▶
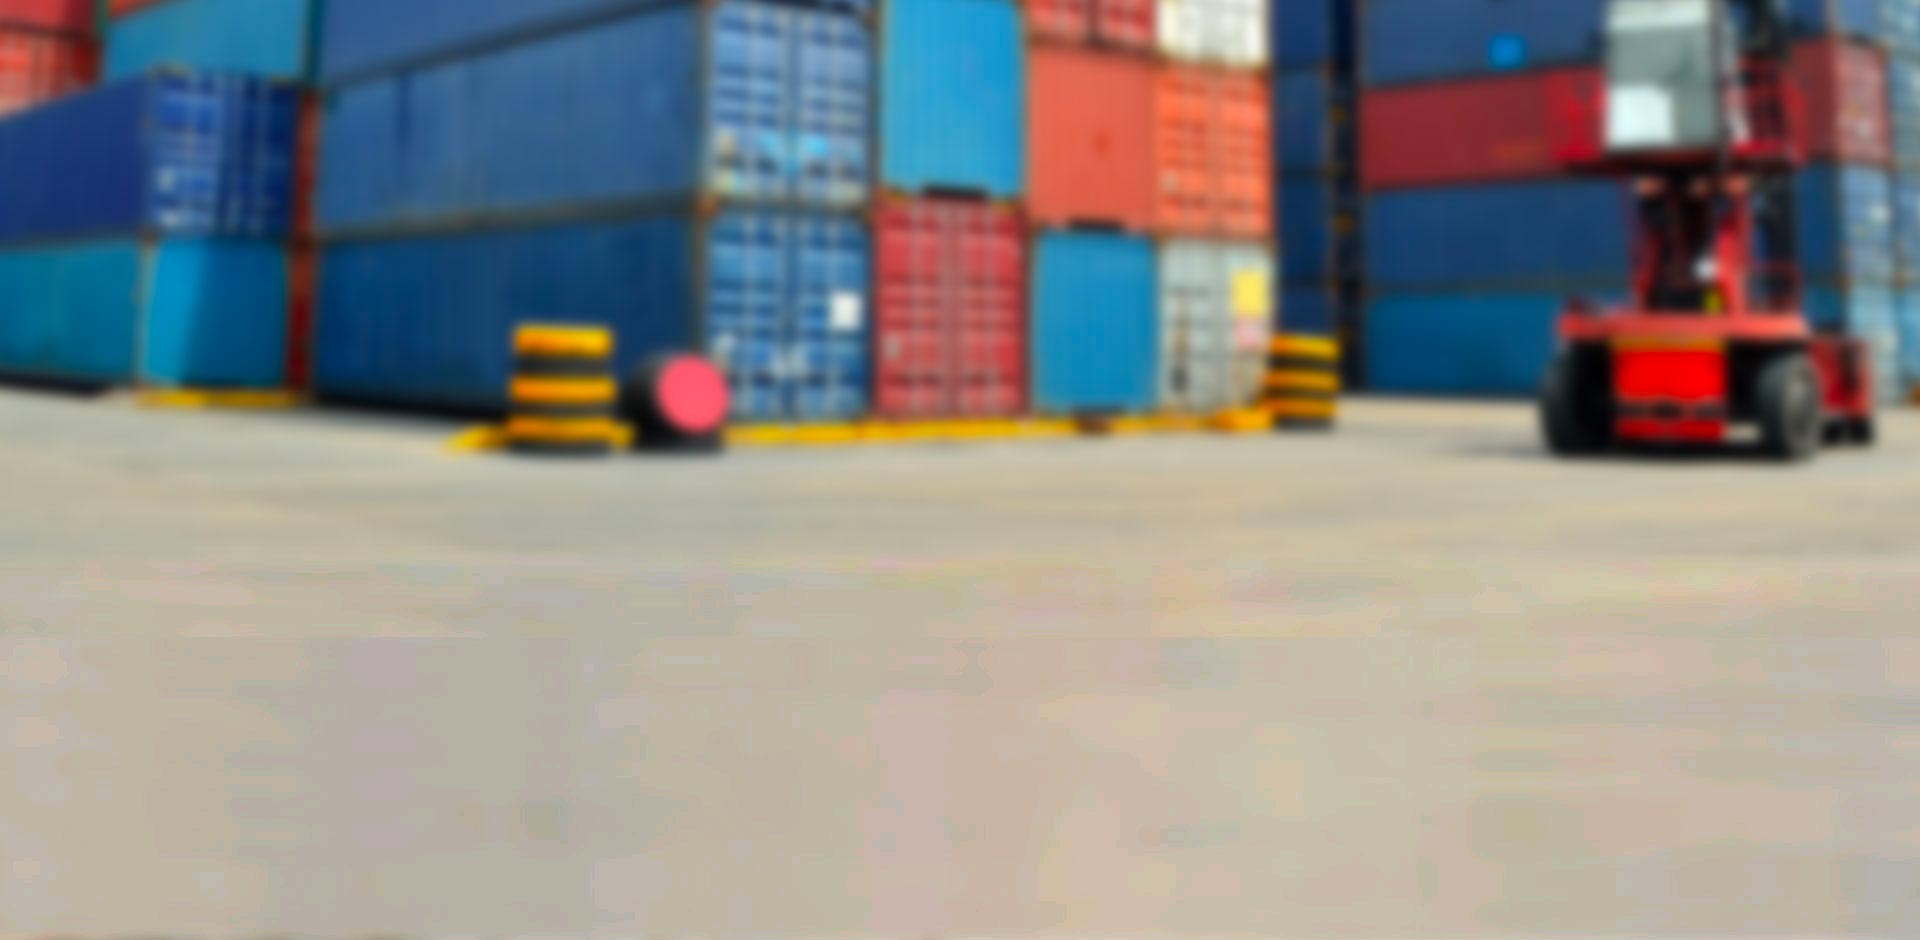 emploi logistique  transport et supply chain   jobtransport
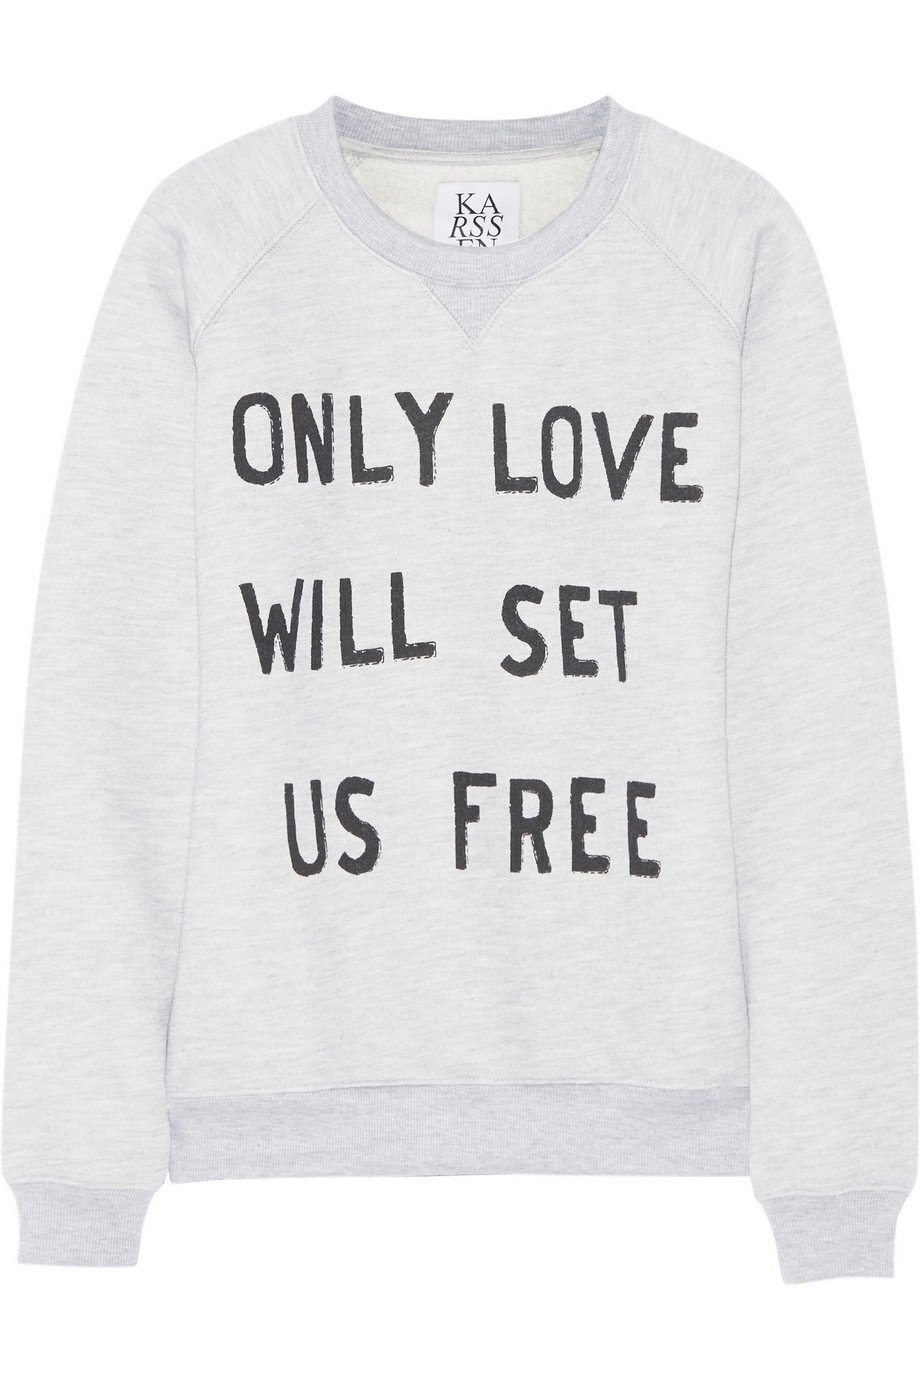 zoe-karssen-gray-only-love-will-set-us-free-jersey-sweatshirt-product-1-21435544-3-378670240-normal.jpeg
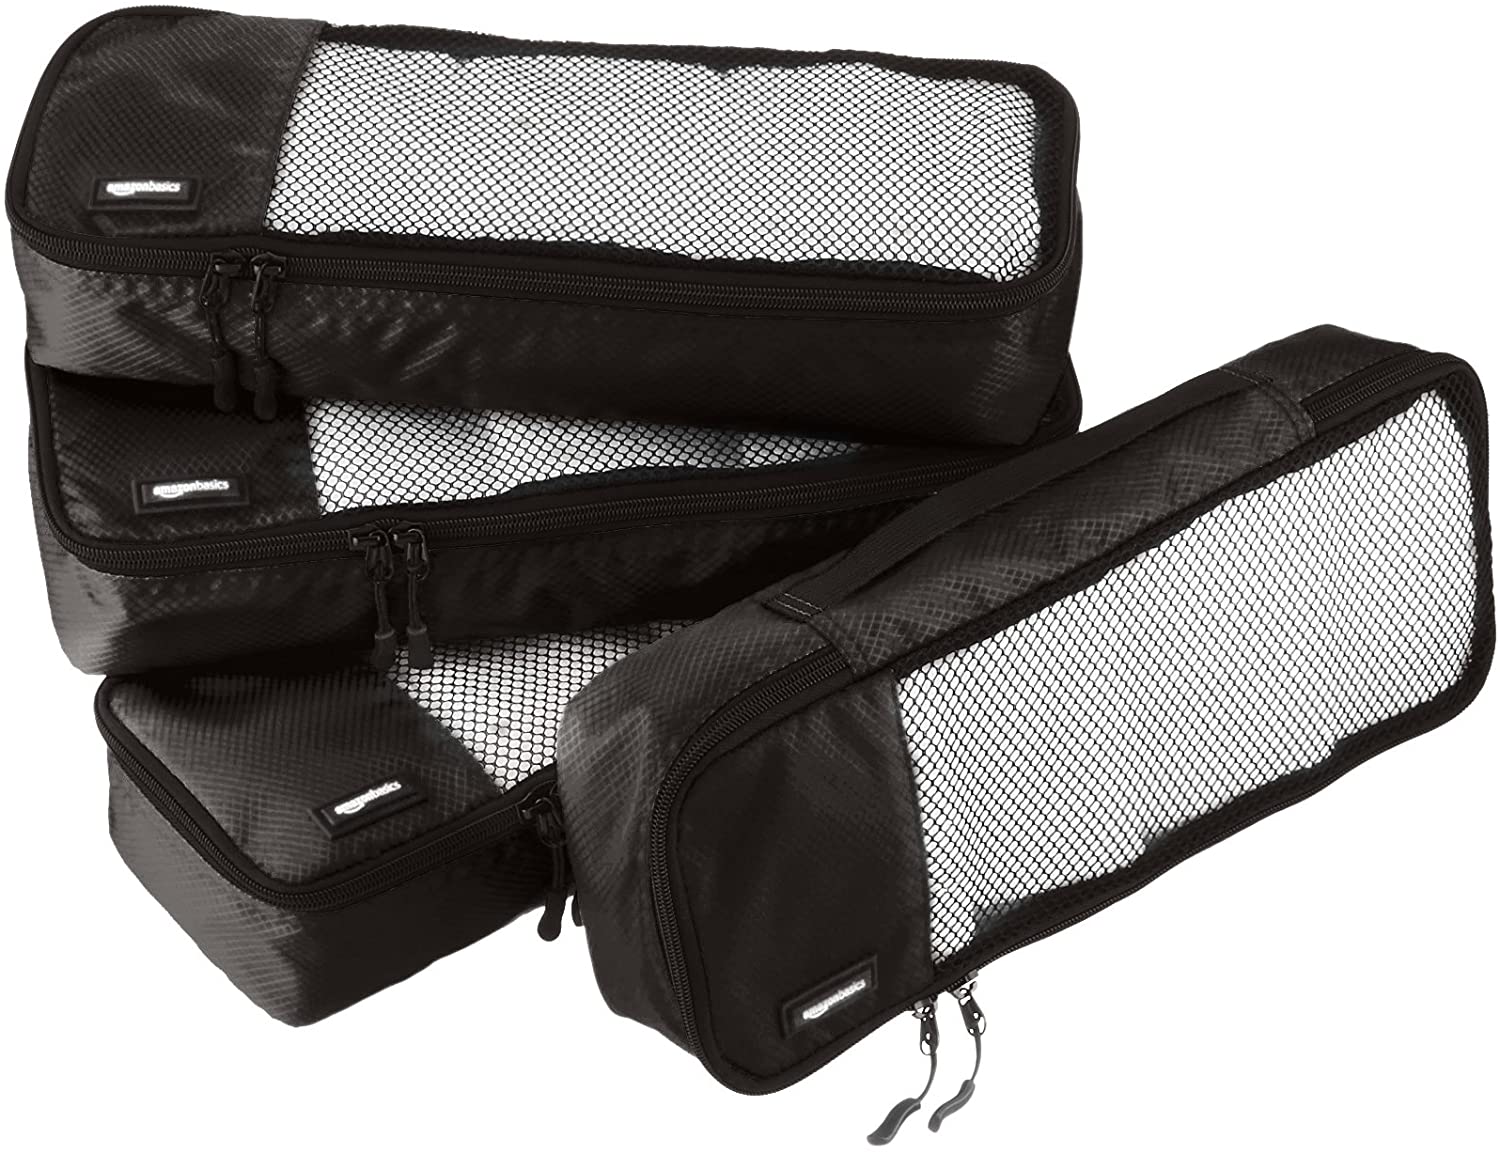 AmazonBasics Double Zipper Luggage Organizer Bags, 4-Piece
◀
▶
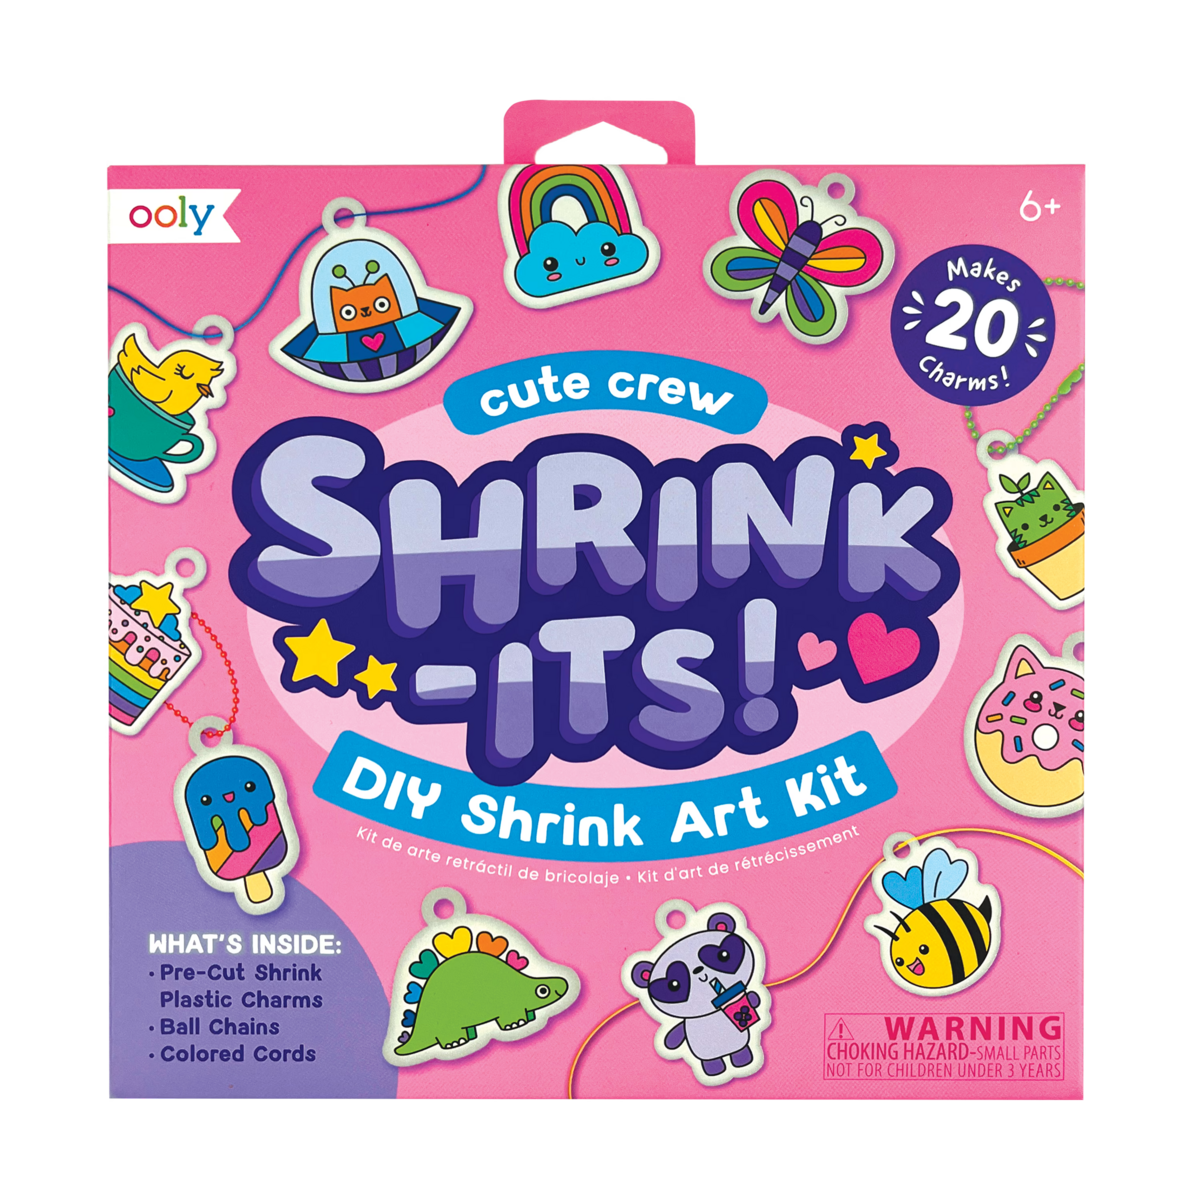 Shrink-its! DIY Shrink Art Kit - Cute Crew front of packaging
◀
▶
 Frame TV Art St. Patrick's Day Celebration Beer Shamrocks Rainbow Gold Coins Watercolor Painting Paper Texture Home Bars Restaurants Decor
◀
Skip every picture, and restate word for word only the lines above from the line containing "transport et supply" to the line containing "AmazonBasics Double Zipper", both of them included.

 emploi logistique  transport et supply chain   jobtransport
 zoe-karssen-gray-only-love-will-set-us-free-jersey-sweatshirt-product-1-21435544-3-378670240-normal.jpeg
 AmazonBasics Double Zipper Luggage Organizer Bags, 4-Piece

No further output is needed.